Examples of video found in course materials include: videos to convey history re-enactments,
story examples, demonstrations or simulations in the classroom, movie clips. Students
who are deaf or hard of hearing may request captioned videos in order to have a text-based equivalent of oral information. Media to be
captioned includes online video clips, DVD’s (check to see if it is time to swap out
old versions of media) and videos created by the instructor.
How do students use assistive technology?
Ordering accessible textbooks: Questions to ask publishers and textbook representatives
1) If I select an online textbook, what do you provide for students with disabilities who may need it in an alternate format ( such as electronic text, enlarged print or braille).
2) What is the process for a student to receive an accessible format? Can you send me the link where the information is listed on your publishers website?
3) What is the accessibility of the test/quiz banks of questions? What testing do you do to ensure a student with a disability can access the content with the assistive technology such as screen readers for users who are blind.
4) Do you provide links to websites, videos or audio files with your online textbooks? Are the links descriptive? Videos captioned? Is there a transcript for an audio file? Is there a text-to-voice function
5) The goal is to have a dialogue about choosing the best materials for your class including students with disabilities.
- Is your online textbook 508 compliant? How is this so? Can students who use text to-speech (TTS) and screen reading assistive technology software access contents of the book easily?
- Do you offer your own proprietary text to speech option built-in to your textbook?

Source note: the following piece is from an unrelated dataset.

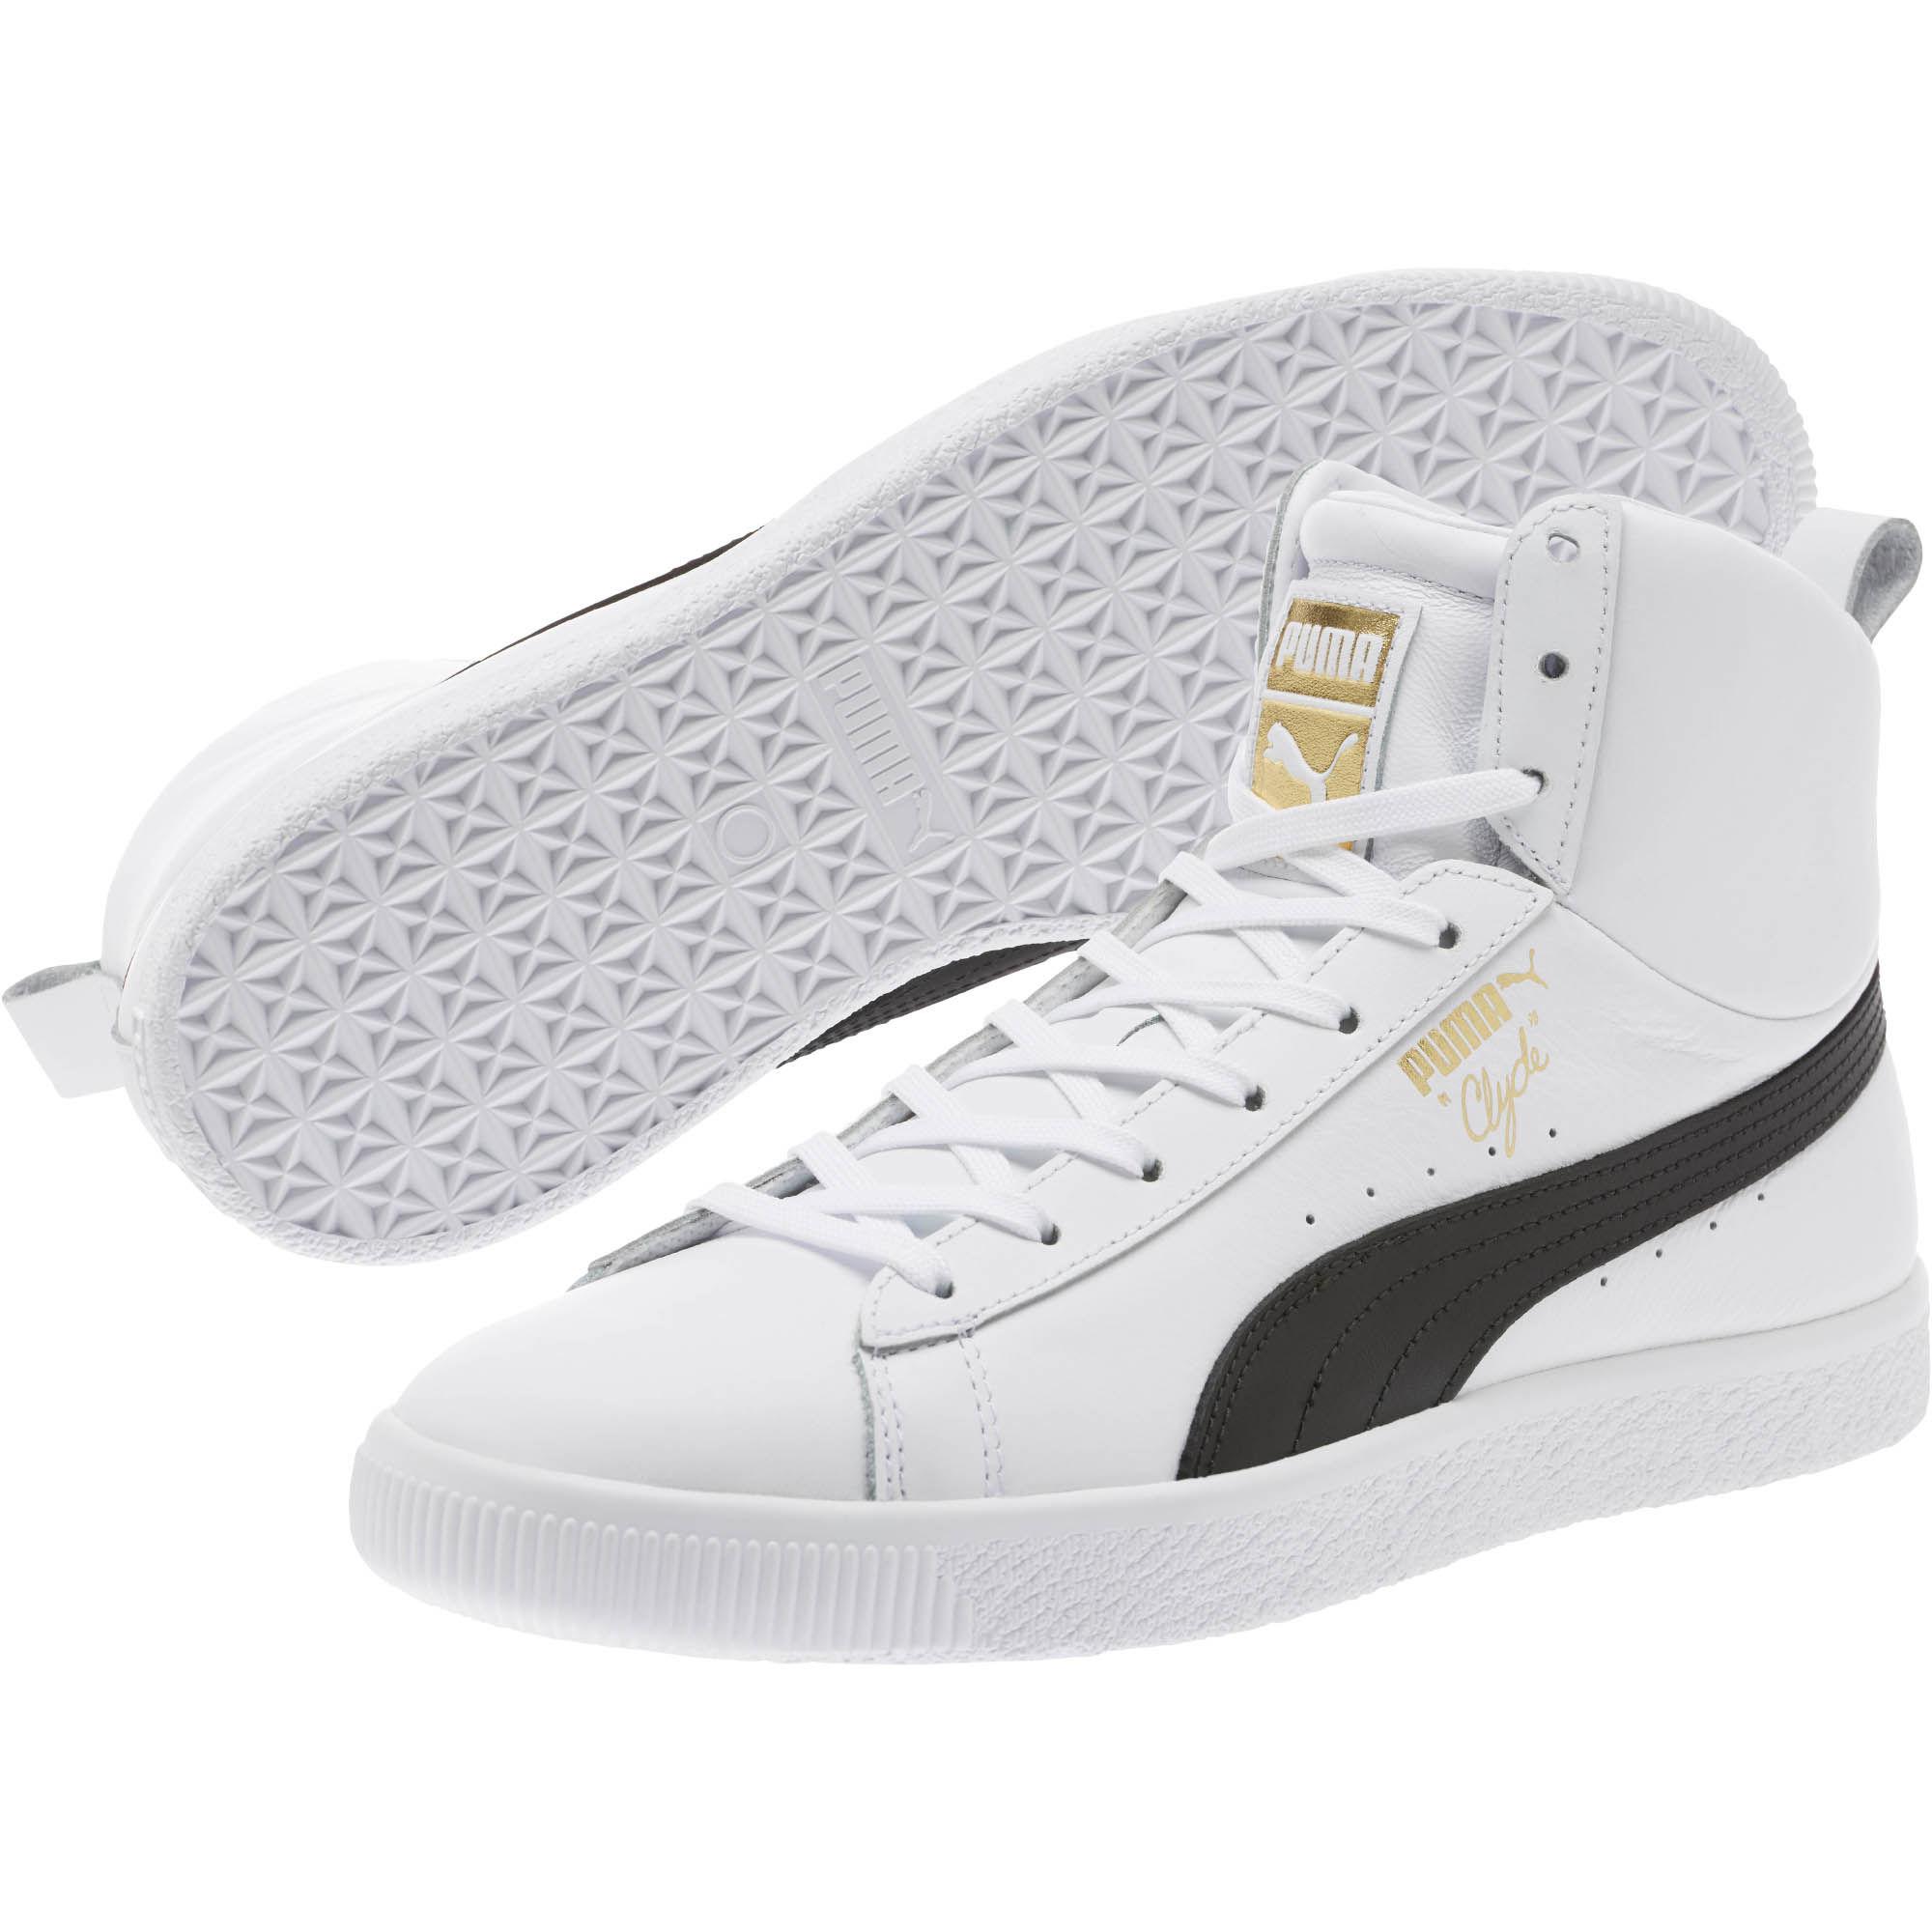 PUMA Leather Clyde Core Mid Sneakers in White for Men - Lyst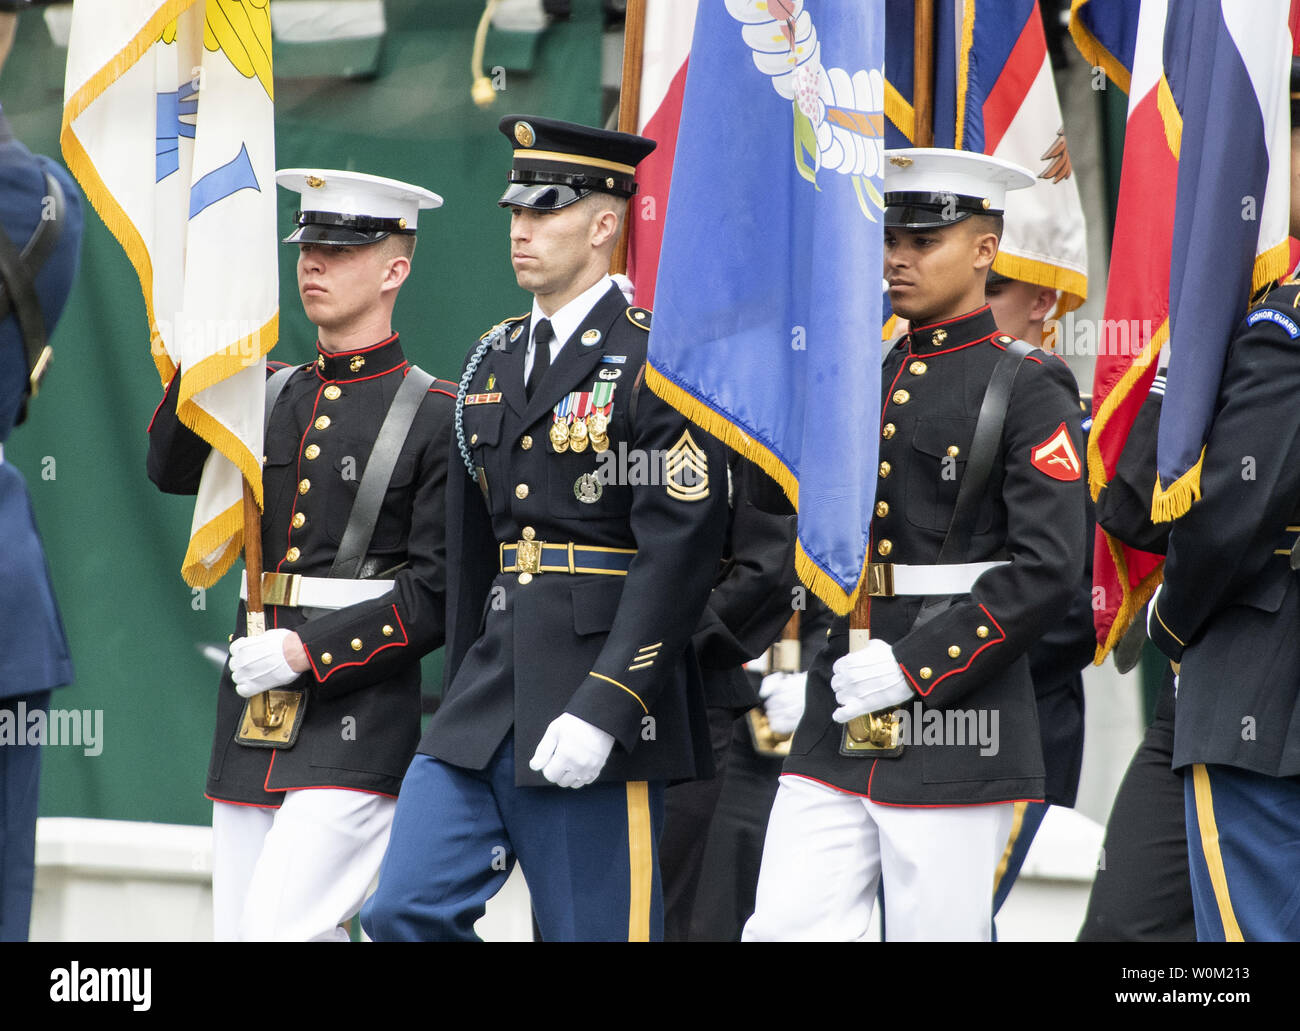 Honor Guard march in formation as the await the arrival of Egyptian President Abdel Fattah el-Sisi at the the West Wing of the White House in Washington, DC on April 9, 2019.  El-Sisi is visiting the White House for talks with President Donald Trump.     Photo by Pat Benic/UPI Stock Photo

- Are videos and animations included in the textbook? Are they captioned or subtitled? Is there a transcript? Is the transcript visible along with video/animation?
- Discussion forums? Can a student use screen reading/text to speech software within the discussion forum?? Using assistive technology such as voice to text software, for example the program Dragon Naturally Speaking?
- Workbook/worksheets/handouts? Can a student using assistive technology access content with screen reading/text to speech software? For example, Dragon Naturally Speaking software?
6) What screen reading software is compatible with the vendor’s proprietary interactive software or course materials site? This video shows demonstrations by students using screen enlarger, screen readers and speech recognition
7) What other standard assistive technology software is compatible (and usable) with the vendor’s proprietary interactive software or course materials site(s)?
8) What training is provided to me as faculty using your online materials to ensure that all accessibility features are activated and engaged?
9) What is the process/response time for technical help, questions, or additional to ensure access for textbooks?
10) Does your support desk also respond to our disability services office if they
need to intervene in support of me, working with the student in my class?
Ask about the usability and inter-operability of their materials.
Does any software need to be installed on student or college computers?
- How will students gain access to the materials?
- Do students need an access code for the online textbook? Does it expire? When does it expire? As the instructor, make the computer requirements explicit on your syllabus.
- What is the student actually paying for? Some students would like to own the material so they have it for future reference (rather than just online during the term.)